_REQUIRED WORK_: Nothing but the lines from the one containing "the christie affair" through the end of the data below should appear in the answer, each exact and free of pictures.

_THE DATA_:
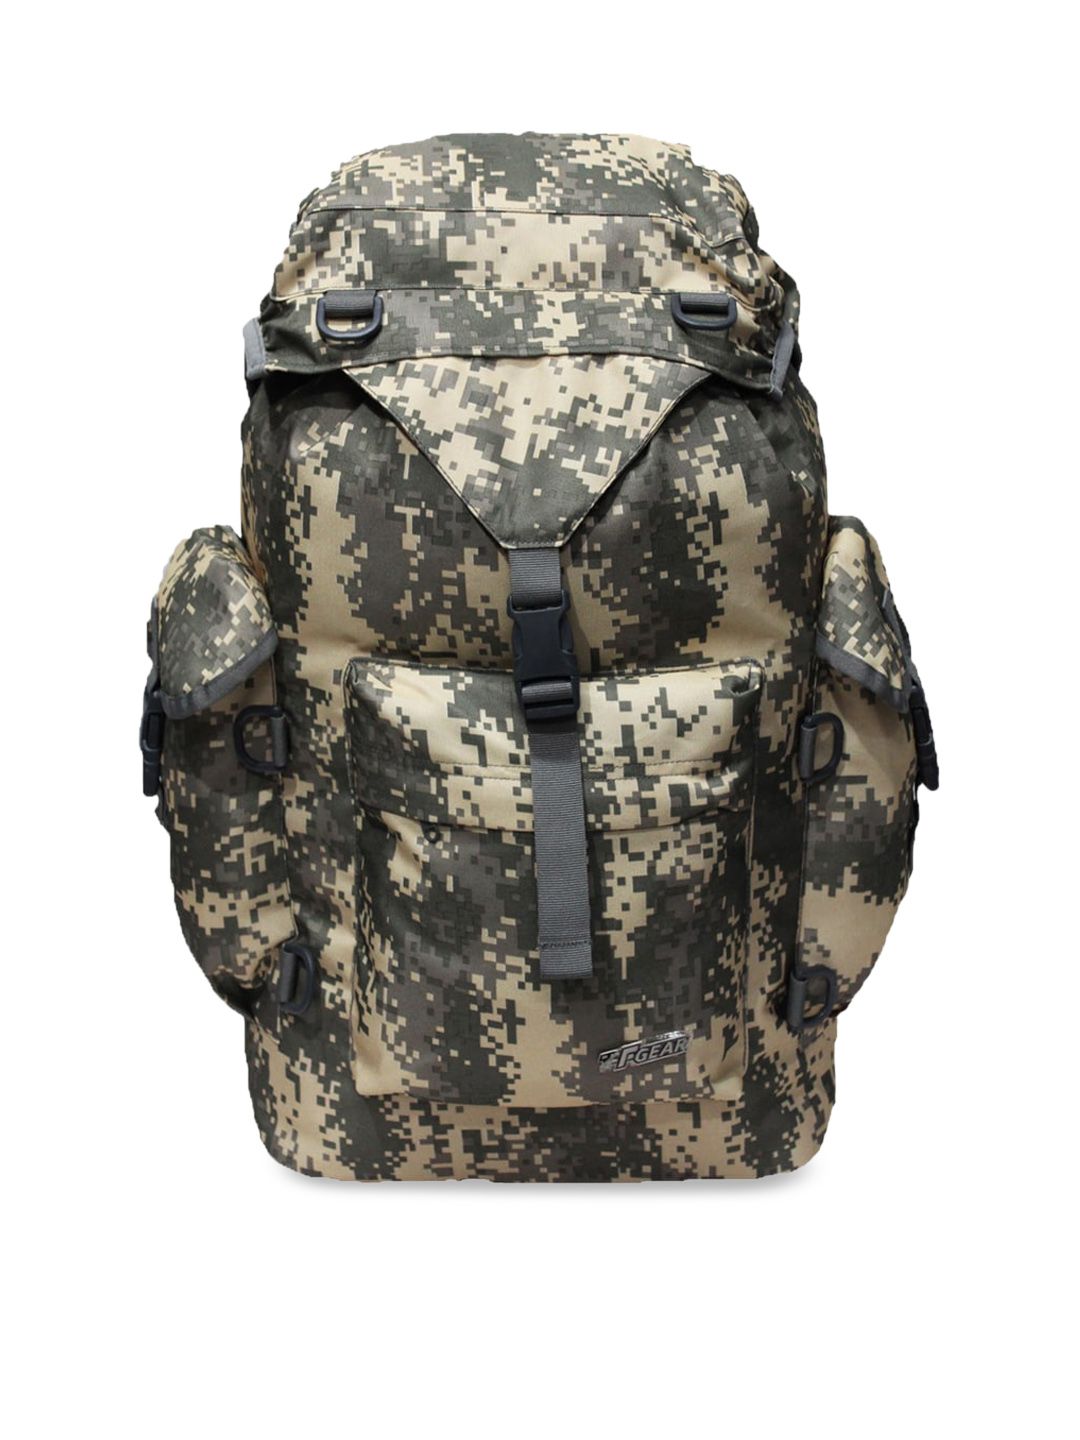 F Gear Unisex Grey & Cream-coloured Camouflage Backpack Price in India
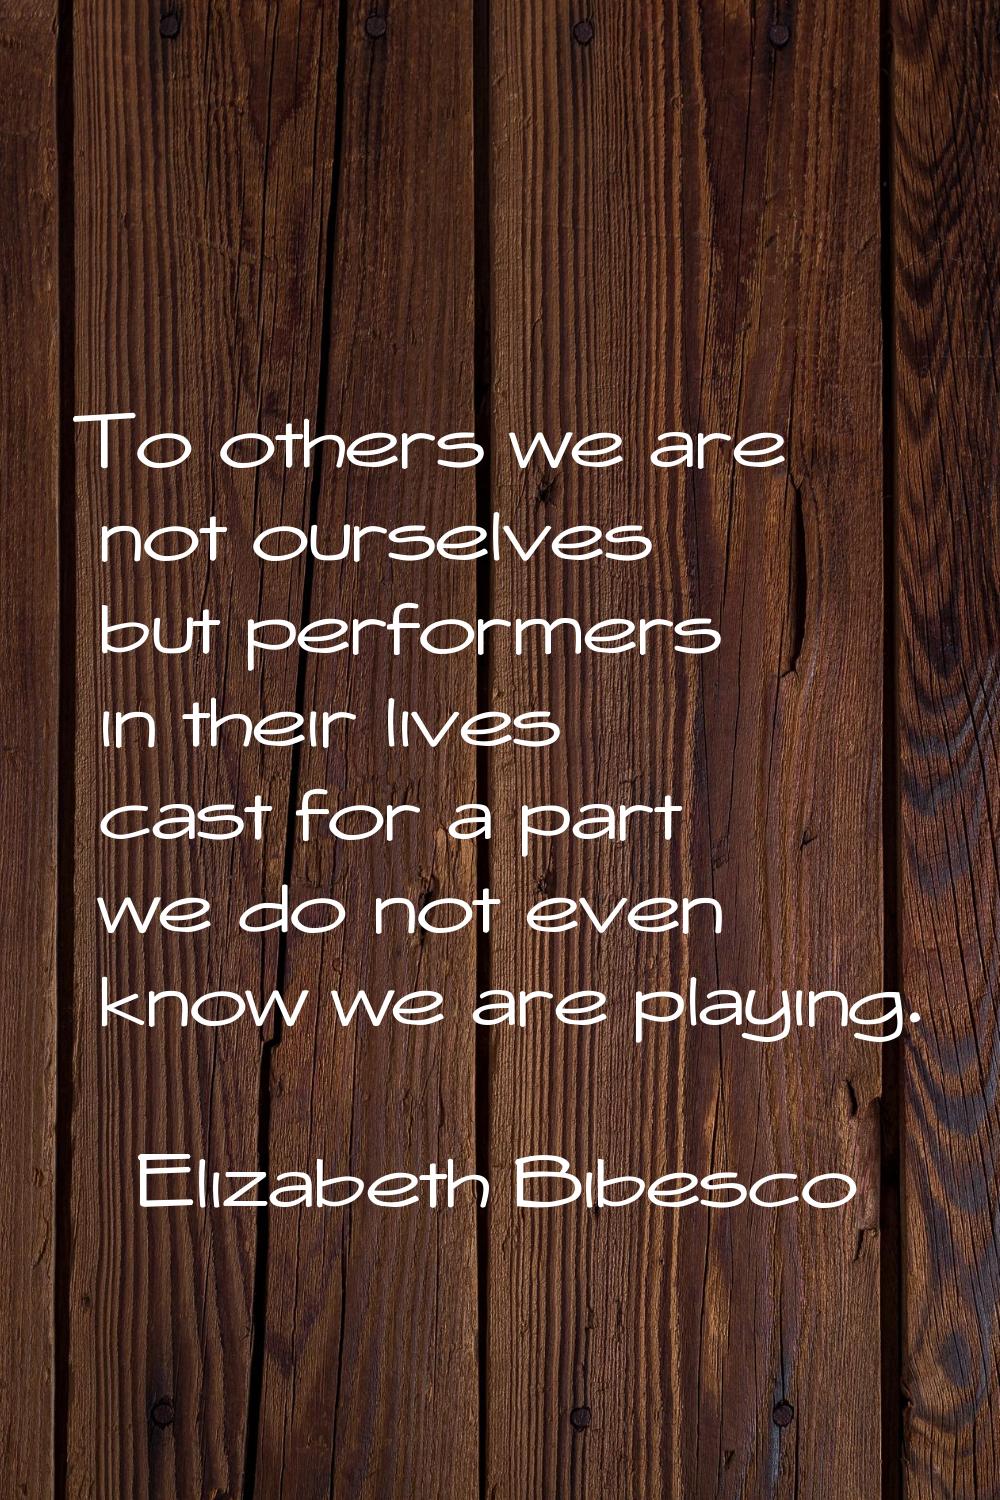 To others we are not ourselves but performers in their lives cast for a part we do not even know we
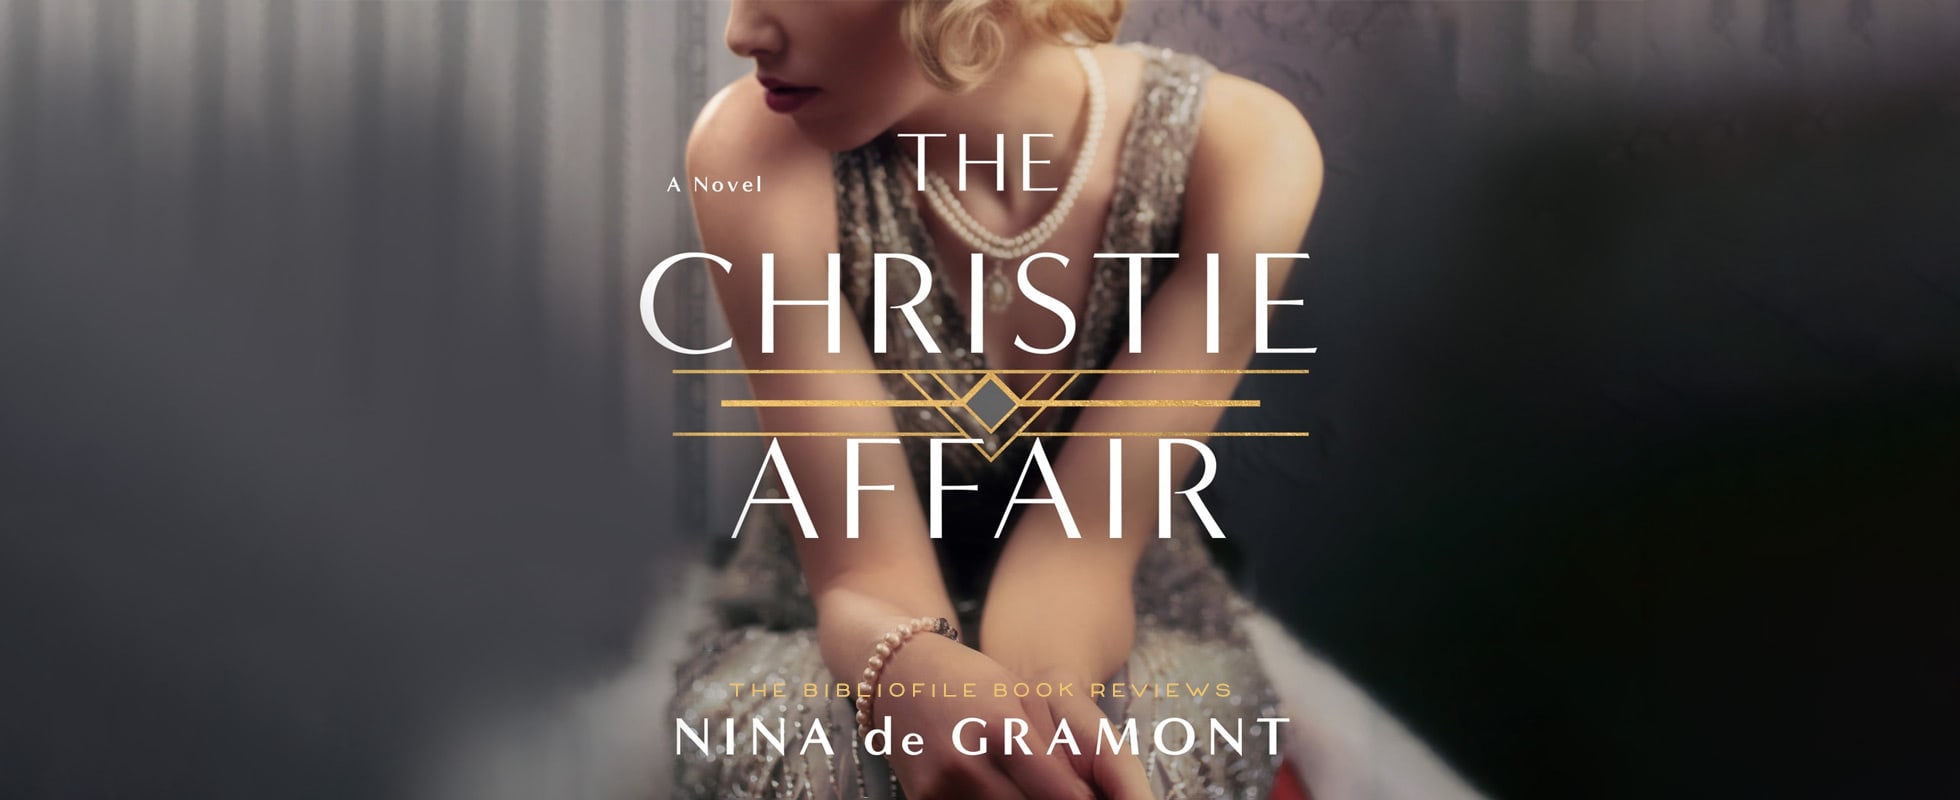 the christie affair by nina de gramont book review plot summary synopsis spoilers discussion
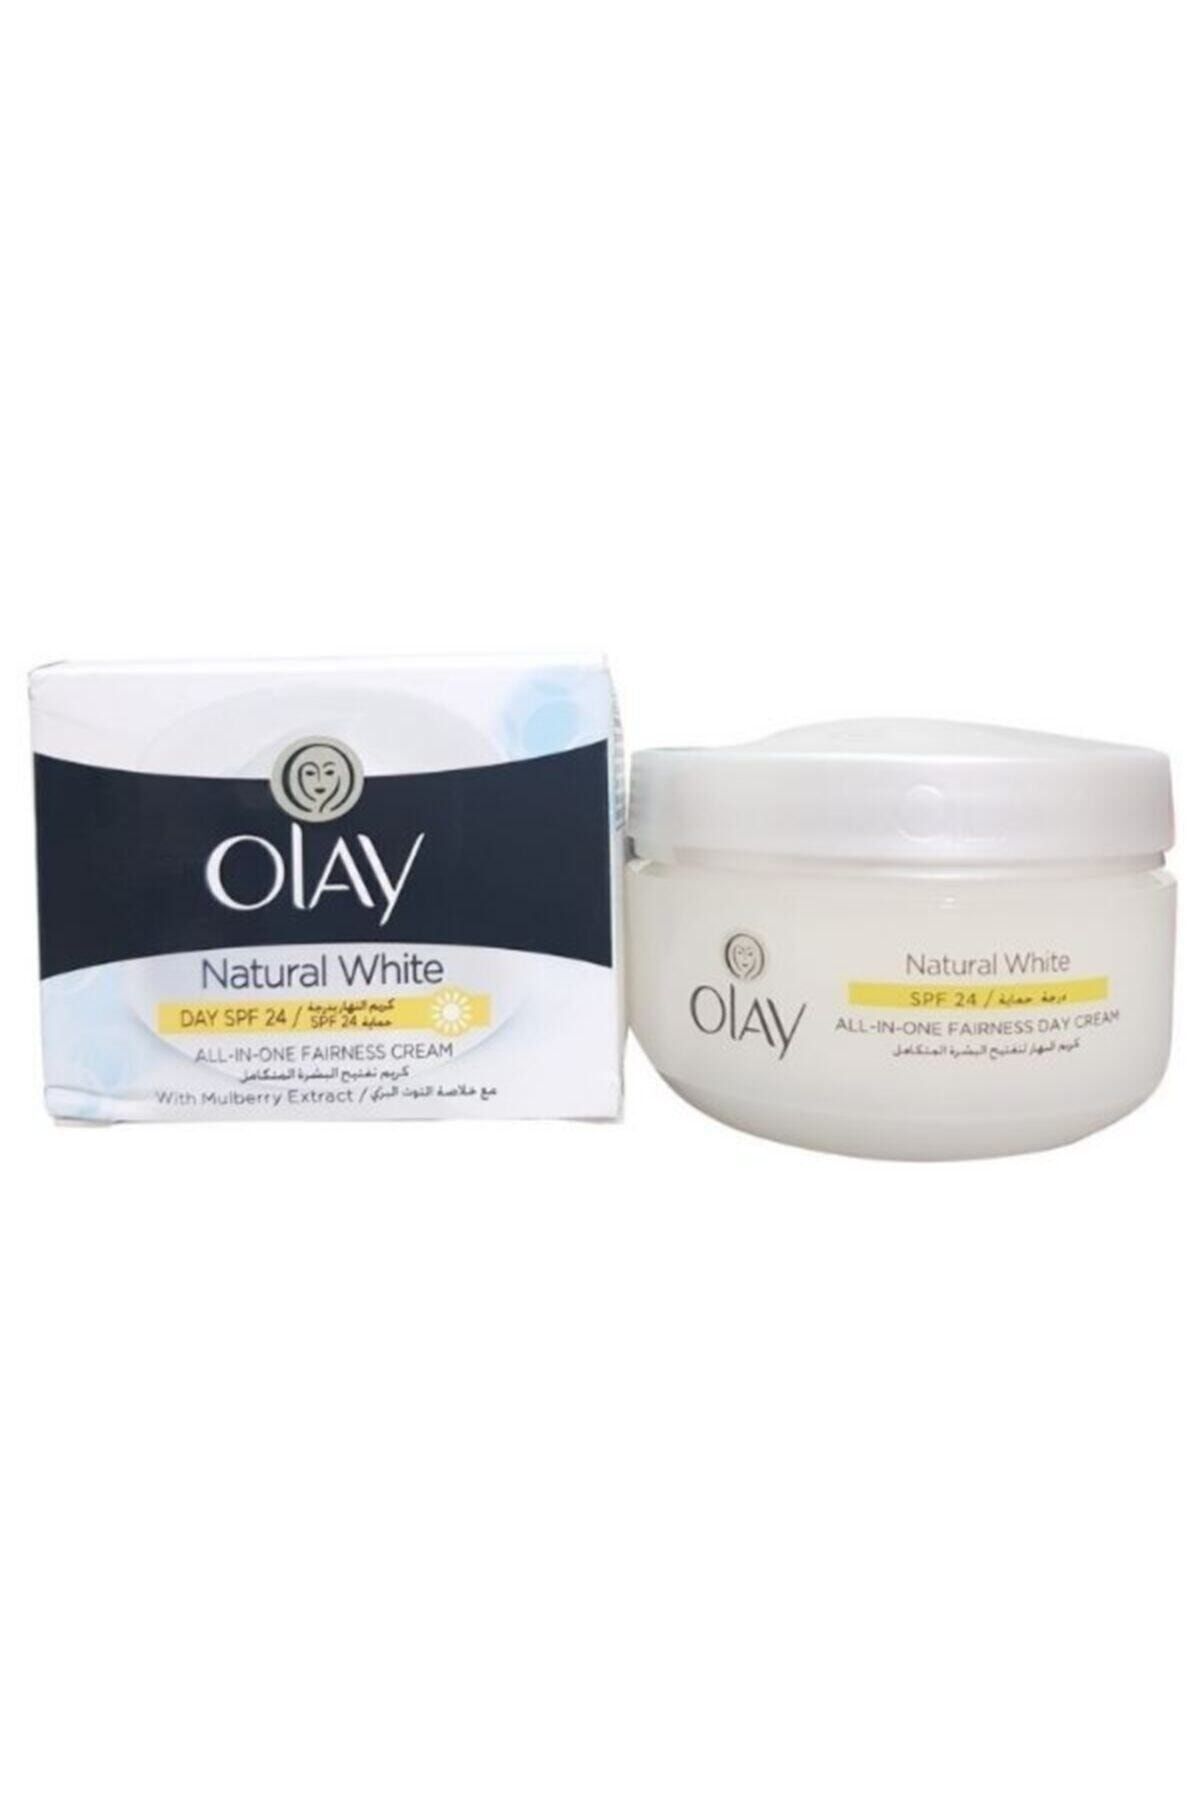 OLAY Natural White 7 In One Glowing Fairness Cream Spf 24

_YOUR RESPONSE_:
 the christie affair by nina de gramont book review plot summary synopsis spoilers discussion
 OLAY Natural White 7 In One Glowing Fairness Cream Spf 24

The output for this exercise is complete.